◆ **WORK ORDER**: Start at the line that contains "Rossignol Allspeed 100 Ski Boots 2018" in the listing below and extract every line through the last, exactly; leave pictures out.

◆ **STORED DATA**:

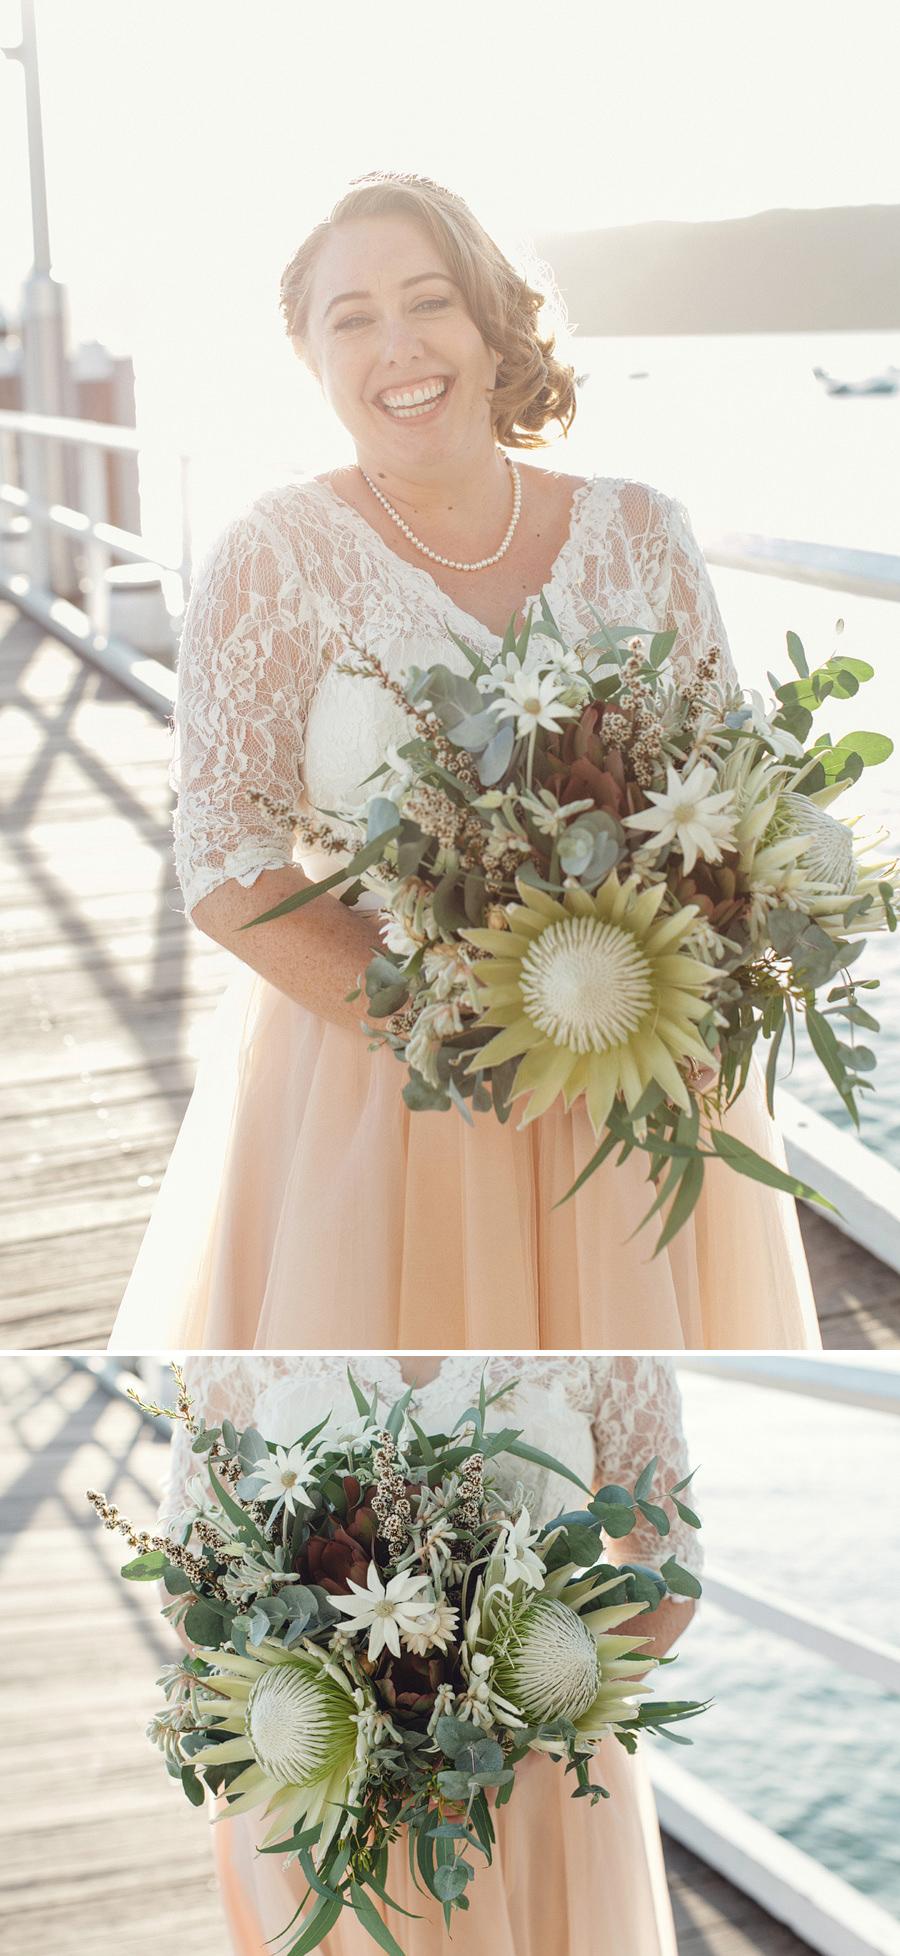 Pittwater Wedding Photography: Bride & Groom portraits
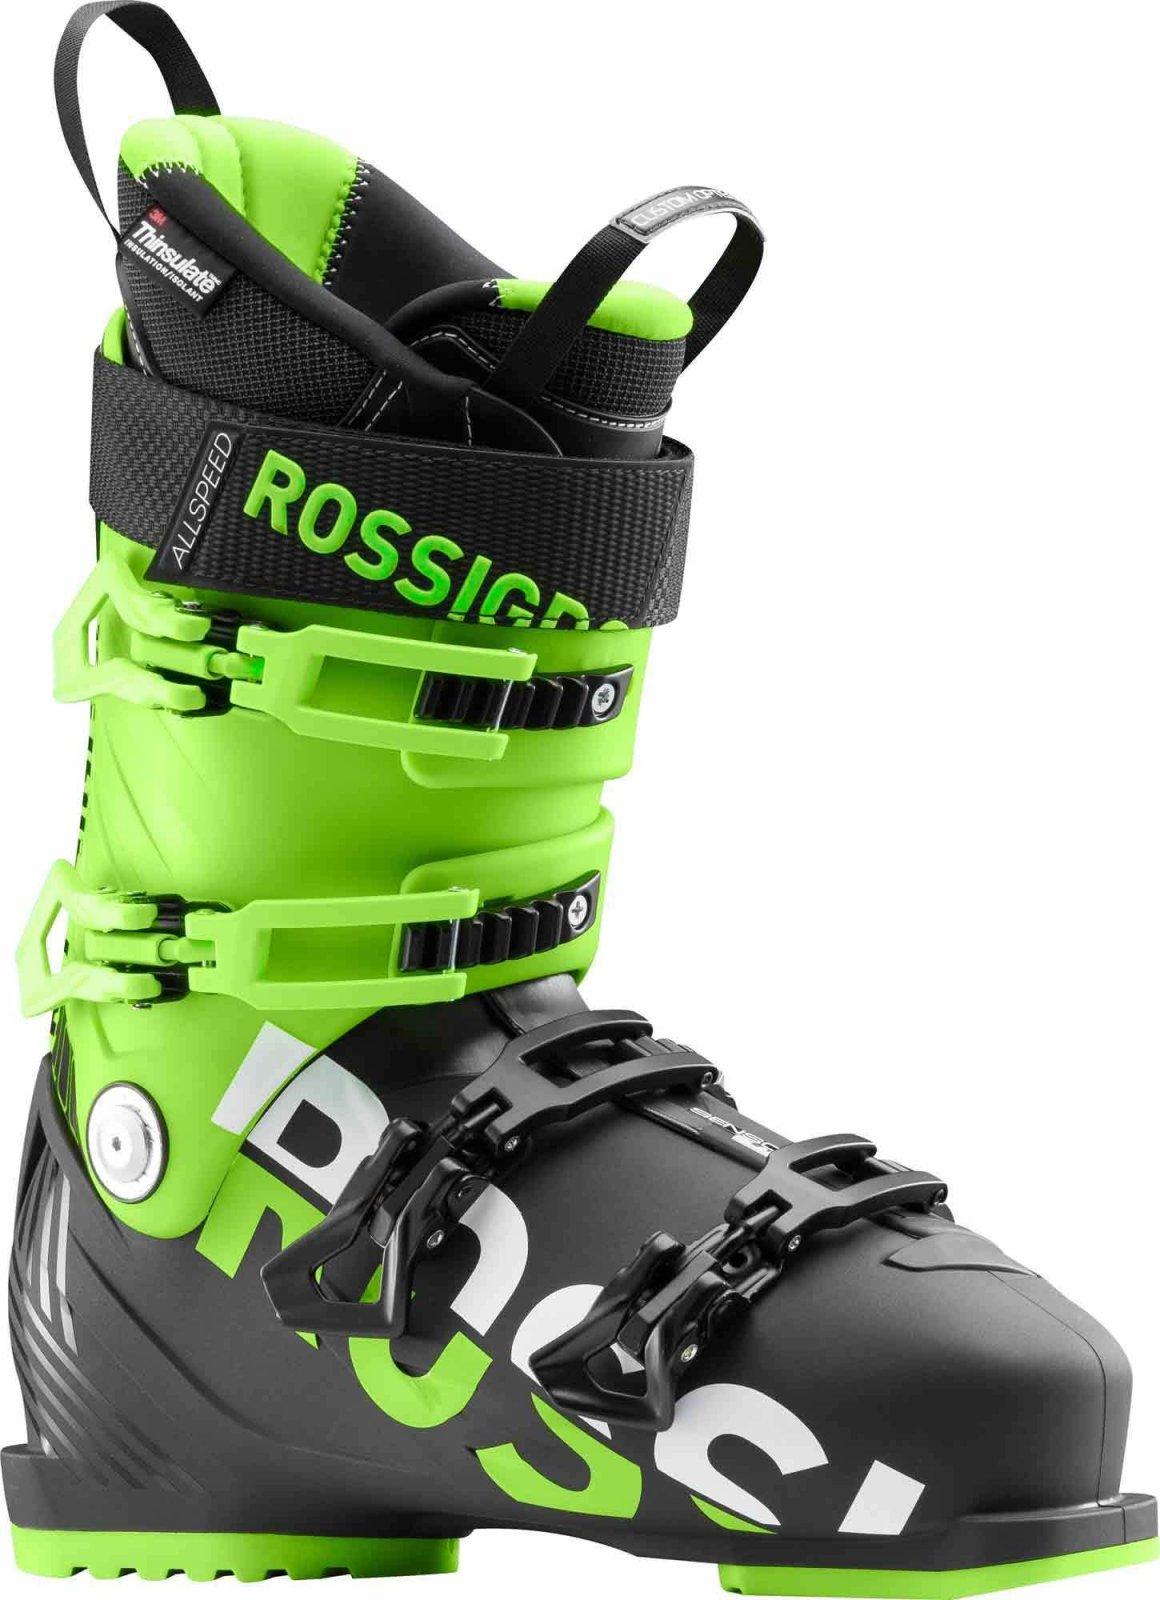 Rossignol Allspeed 100 Ski Boots 2018
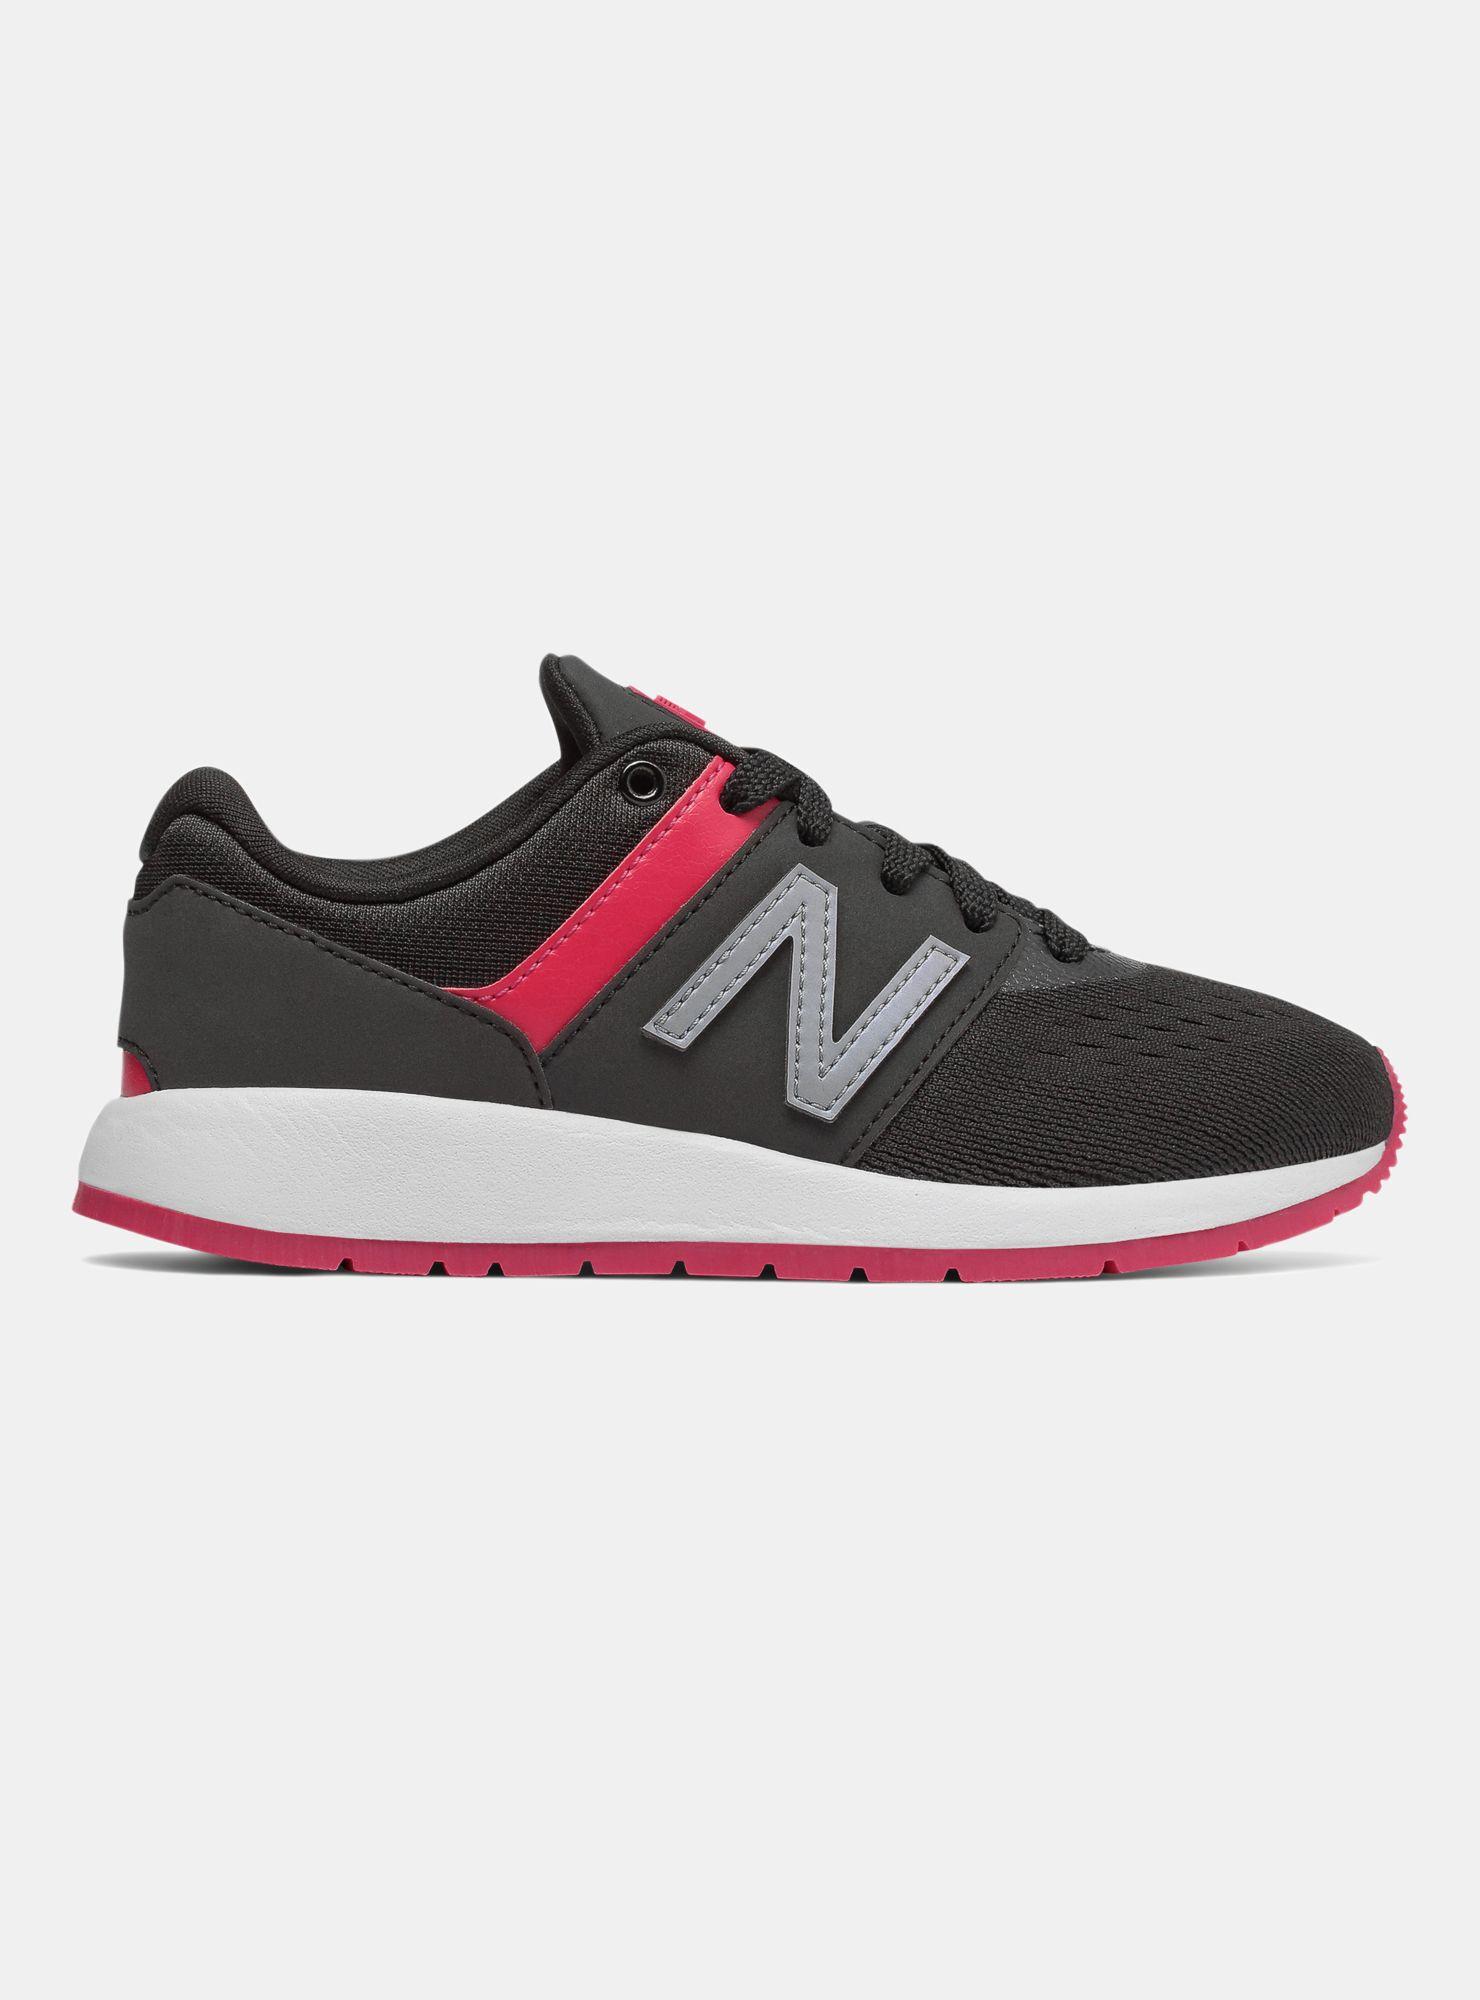 venta de zapatillas new balance online chile

◆ **EXERCISE RESULT**:
 Rossignol Allspeed 100 Ski Boots 2018
 venta de zapatillas new balance online chile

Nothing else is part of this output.